A molded gasket constituting a cover member is characterized in that the aforementioned thermoplastic elastomer composition is integrally molded together with a metal sheet as a gasket.

A sealing structure between two members constituted such that a metal surface of one member and a surface of the other member face to each other while interposing a gasket therebetween is characterized by being constituted such that the gasket which is formed by injection molding the aforementioned thermoplastic elastomer composition on a metal surface of one member coated with an adhesive is pressed against a surface of the other member.

A gasket, which is interposed between a surface of a first member and a surface of a second member that face to each other and is adhered to the surface of the first member such that it seals a space between the two members, is characterized in that, as a cross-sectional shape of the gasket in a width direction, length H0 in a direction in which the two members face to each other and width W0 of an adhesion face against the surface of the first member have a relation of “H0/W0≧0.8” therebetween and, further, as a cross-sectional shape of the gasket in the width direction, a base portion arranged on the side of the surface of the first member and a projection portion which is formed in a state projected from the base portion and comprises a tip end of a curved face pointing toward the surface of the second member are provided and, still further, a curvature radius R of the tip end of the curved face is 0.1 mm or more.

Furthermore, the aforementioned constitutions may be combined thereamong as far as possible.

BRIEF DESCRIPTION OF THE DRAWINGS

FIG. 1 is an exploded perspective diagram of a casing constituting a frame of a hard disk drive in which a gasket is applied according to an embodiment of the present invention;

FIG. 2 is a cross-sectional diagram showing a cross-section of a gasket according to each of various embodiments of the present invention and a comparative example;

FIG. 3 is a cross-sectional diagram showing a cross-sectional shape of a gasket according to an embodiment of the present invention; and

FIG. 4 is an exploded perspective diagram of a casing constituting a frame of a hard disk drive.

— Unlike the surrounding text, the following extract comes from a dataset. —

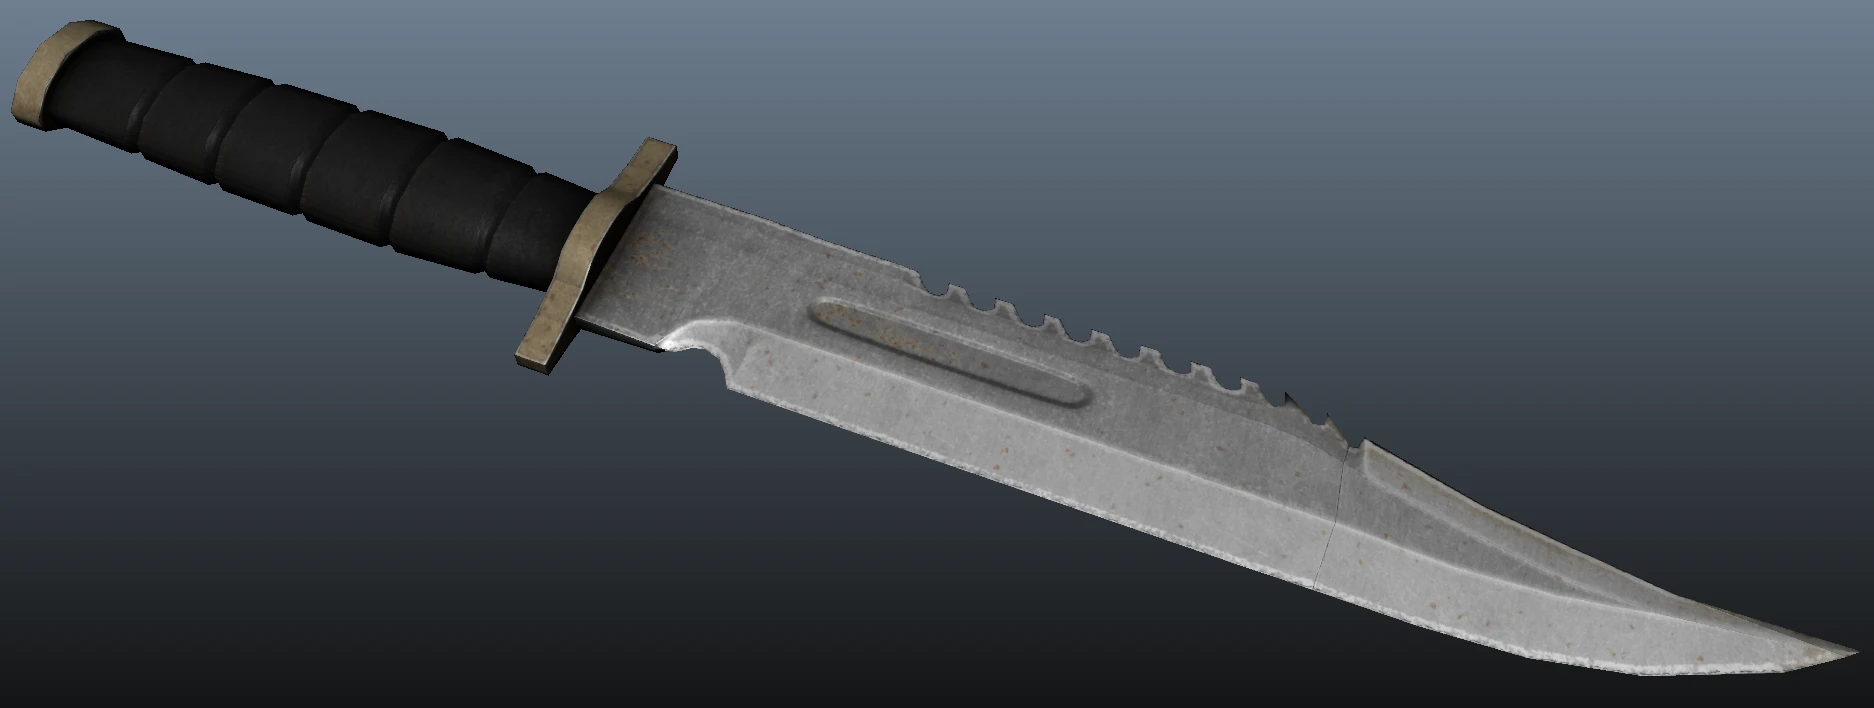 Combat knives in fallout new vegas
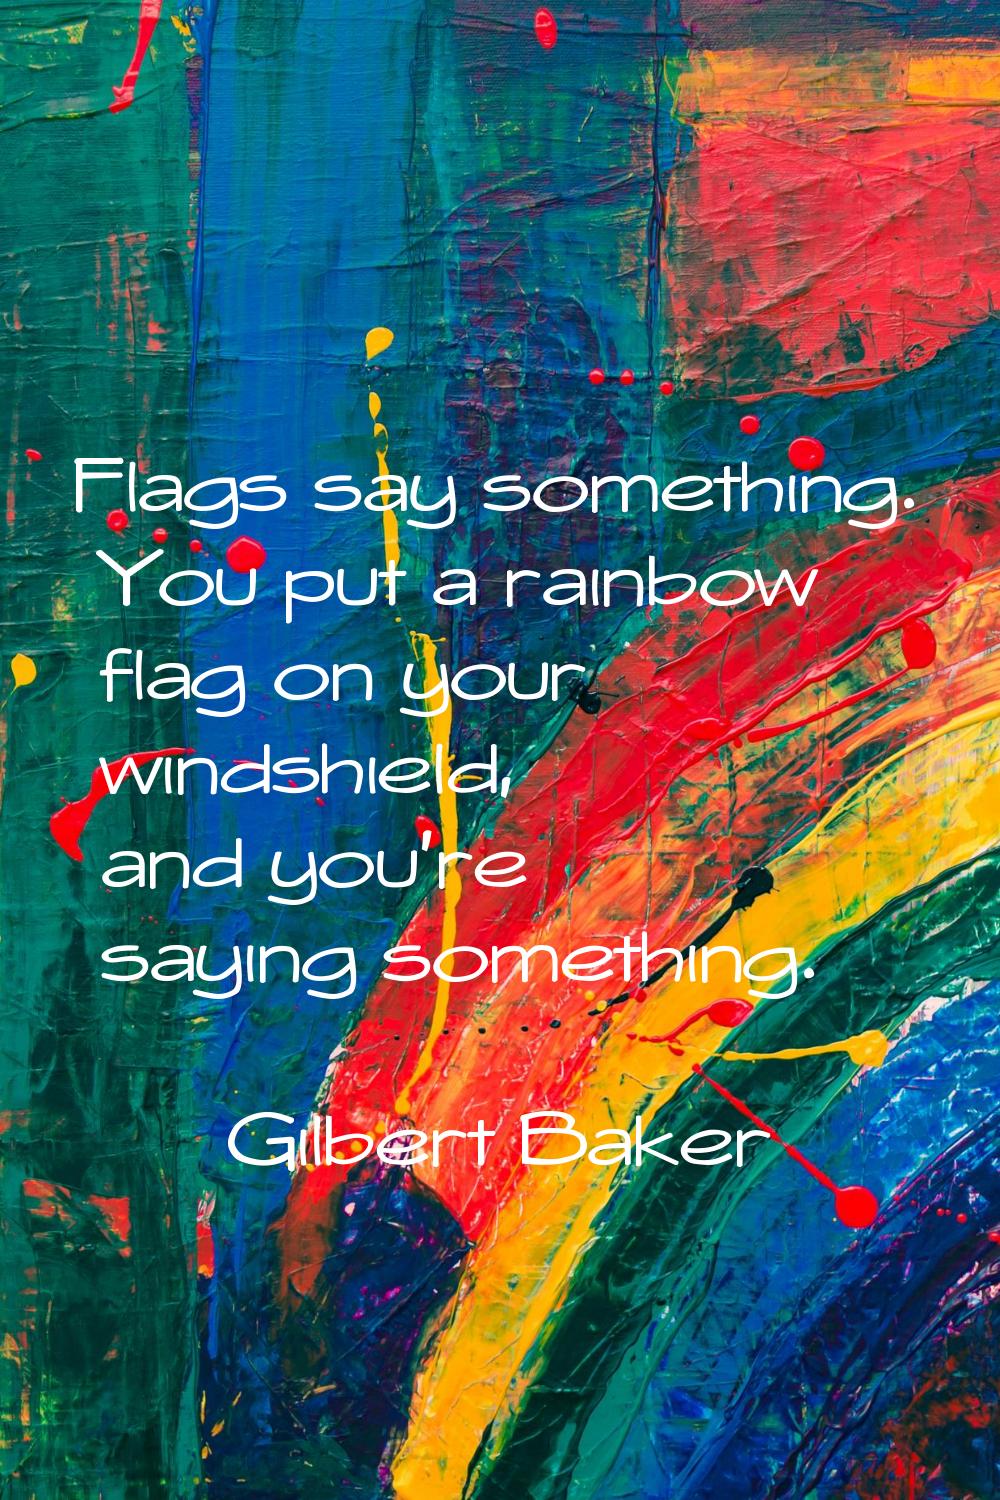 Flags say something. You put a rainbow flag on your windshield, and you're saying something.

DESCRIPTION OF REFERENCE NUMERALS AND SIGNS

• 1, 101 Hard disk drive (casing)
• 10, 110 Casing main body
• 20, 120 Cover
• 30, 130 Gasket
• 31 Base end face
• 32 Tip end face
• 33 Base portion
• 34 Projection portion
• R Curvature radius
• H0 Length of gasket in a cross-sectional state
• H1 Length of gasket in a cross-sectional state when being compressed
• W0 Width of adhesion face
• W1 Width of intermediate portion

BEST MODE FOR CARRYING OUT THE INVENTION

The present inventors have studied for obtaining a molded gasket which does not need such a third member as described in Japanese Patent No. 2961068 and is capable of attaining improvements of quality such as an improvement of high temperature performance, simplification of a production process (facilitation of production), an improvement of sealability, and an improvement of an outgassing property. As a result, the present inventors have found that a production can be easily performed by allowing an adhesive to be contained between a metal sheet and a gasket, allowing a gasket to comprise a specified thermoplastic elastomer composition, and performing integral molding by means of injection molding while a metal sheet coated with an adhesive being inserted. Further, the present inventors have found that compression set is improved by allowing the thermoplastic elastomer composition to be partially cross-linked and, accordingly, sealability and the like under a high temperature is improved.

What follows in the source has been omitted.